Collected material:
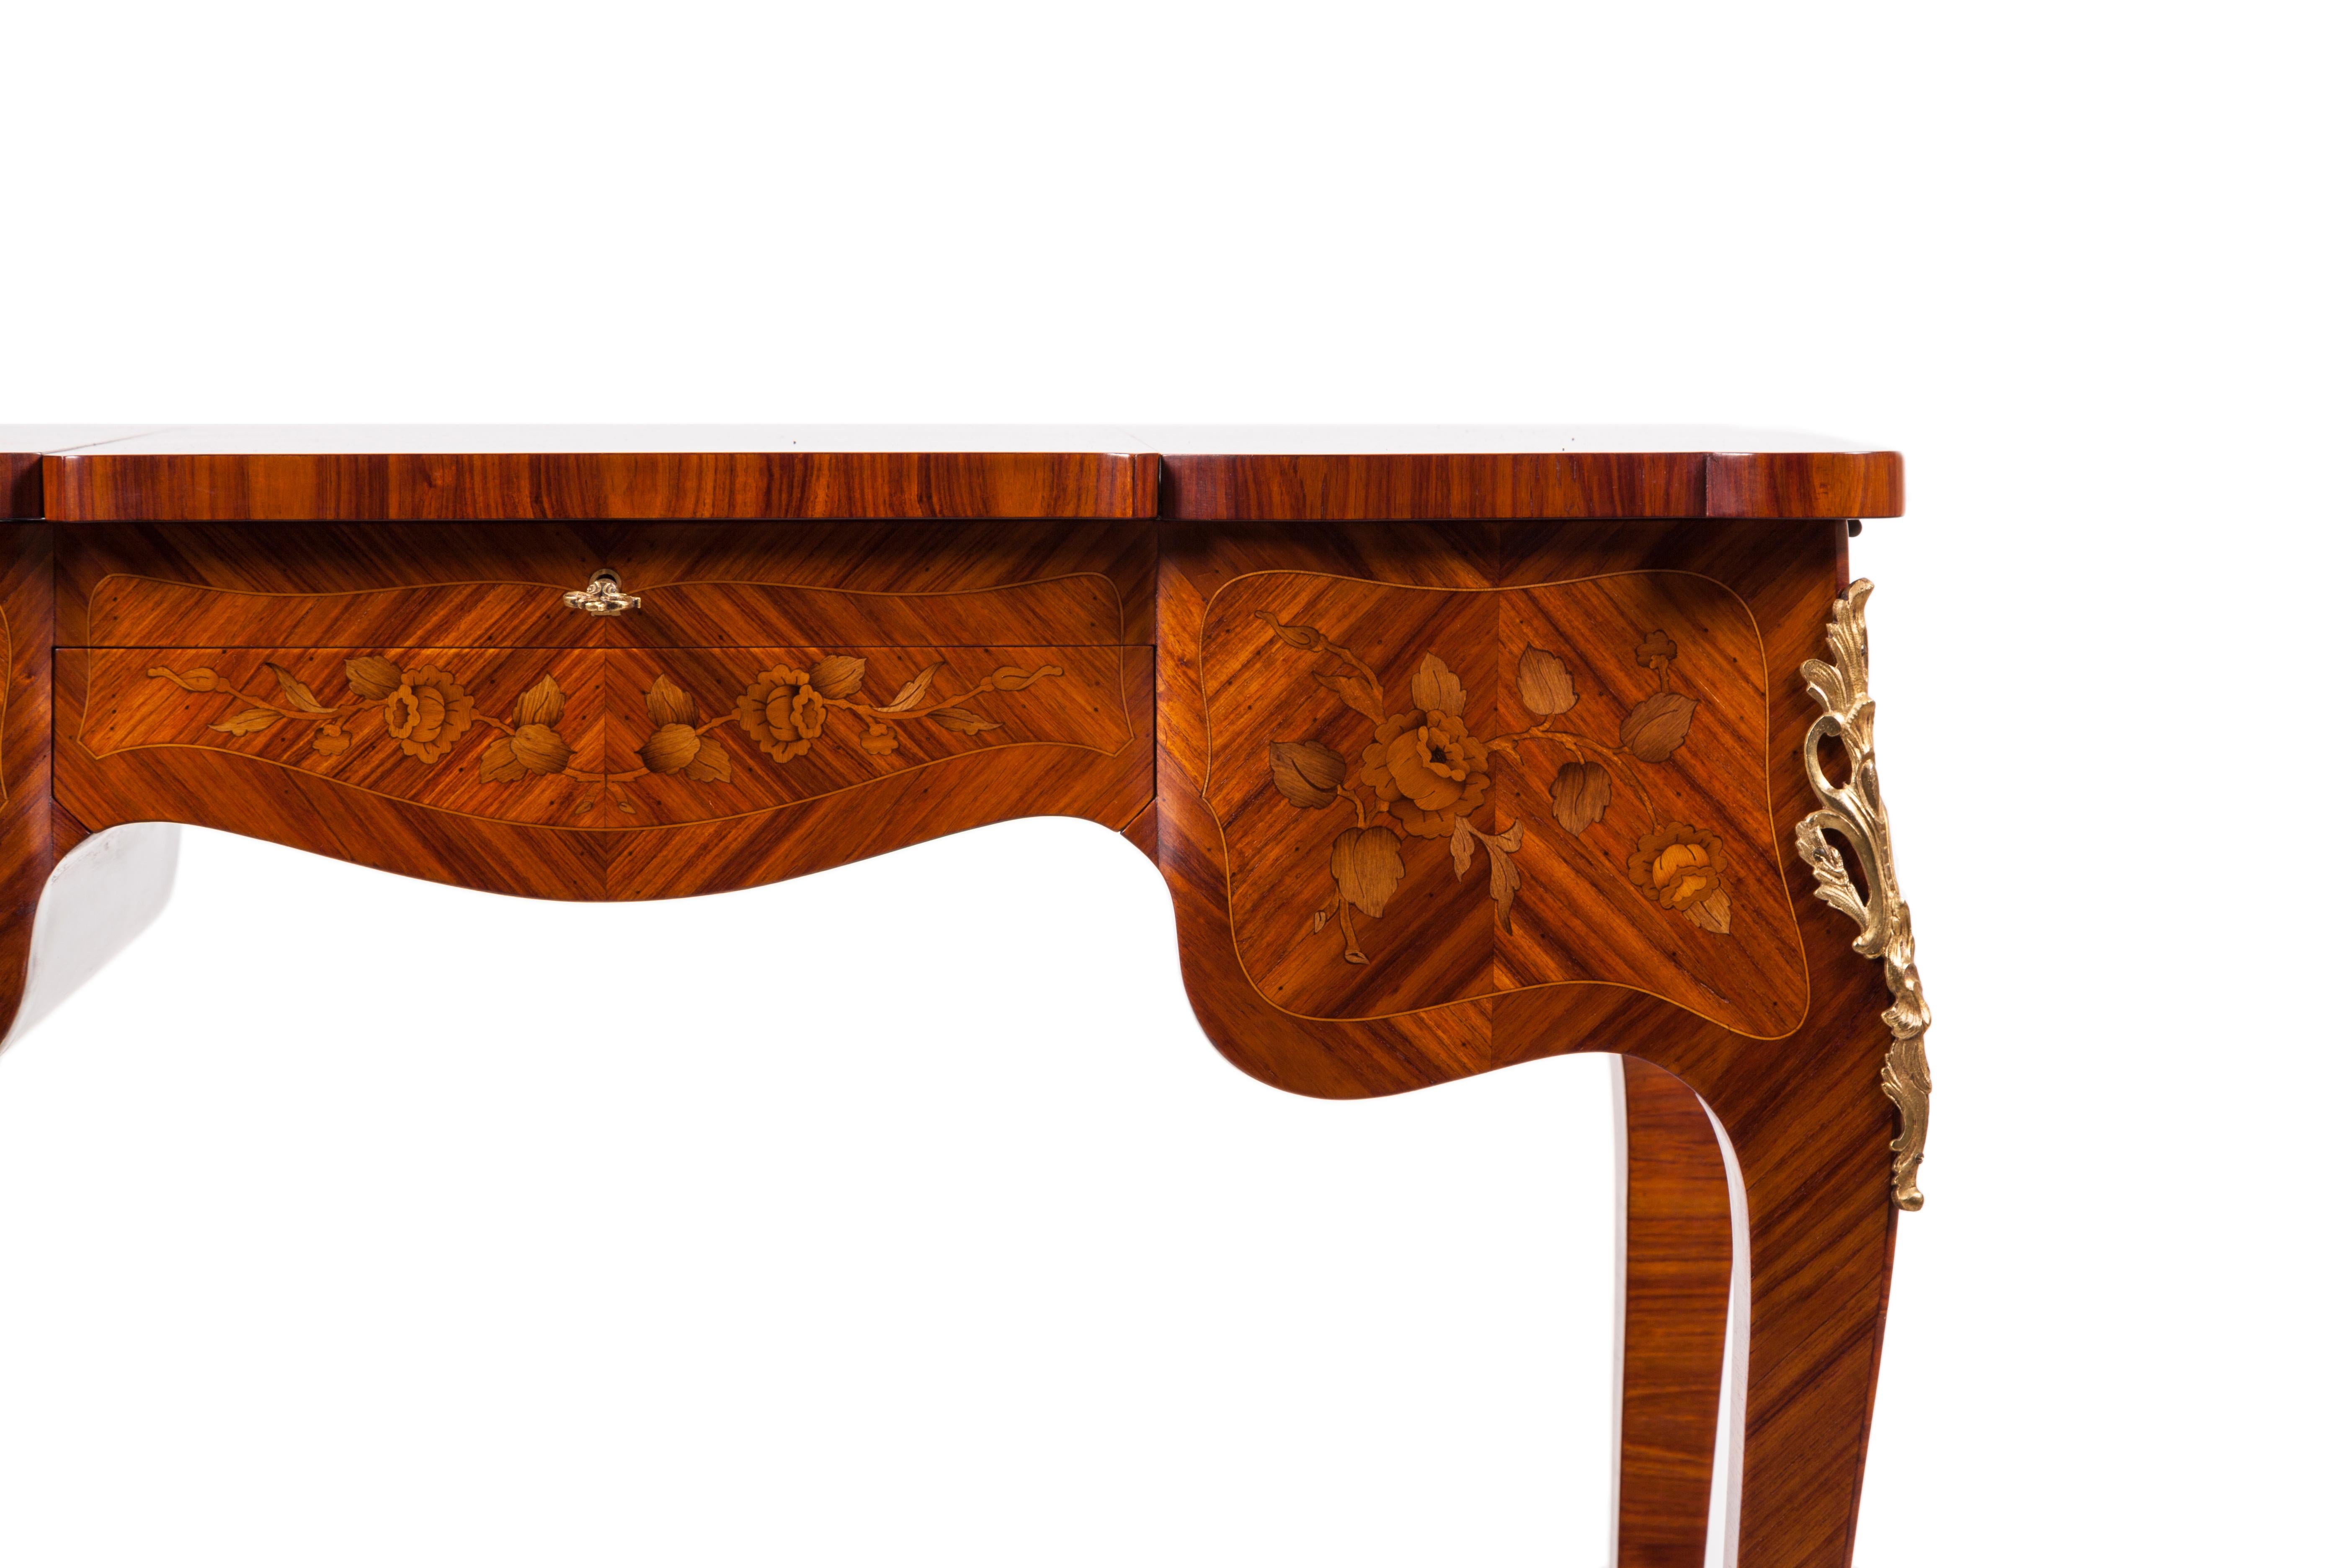 Elegant and refined dressing table (Bonheur du jour) from the mid-twentieth century.
French, in rosewood with floral inlays, typical of Louis XV style.
In perfect conditions.
Restored and finished with shellac.

Task: Output the listing exactly, without images.

Solution to the problem:
 Elegant and refined dressing table (Bonheur du jour) from the mid-twentieth century.
French, in rosewood with floral inlays, typical of Louis XV style.
In perfect conditions.
Restored and finished with shellac.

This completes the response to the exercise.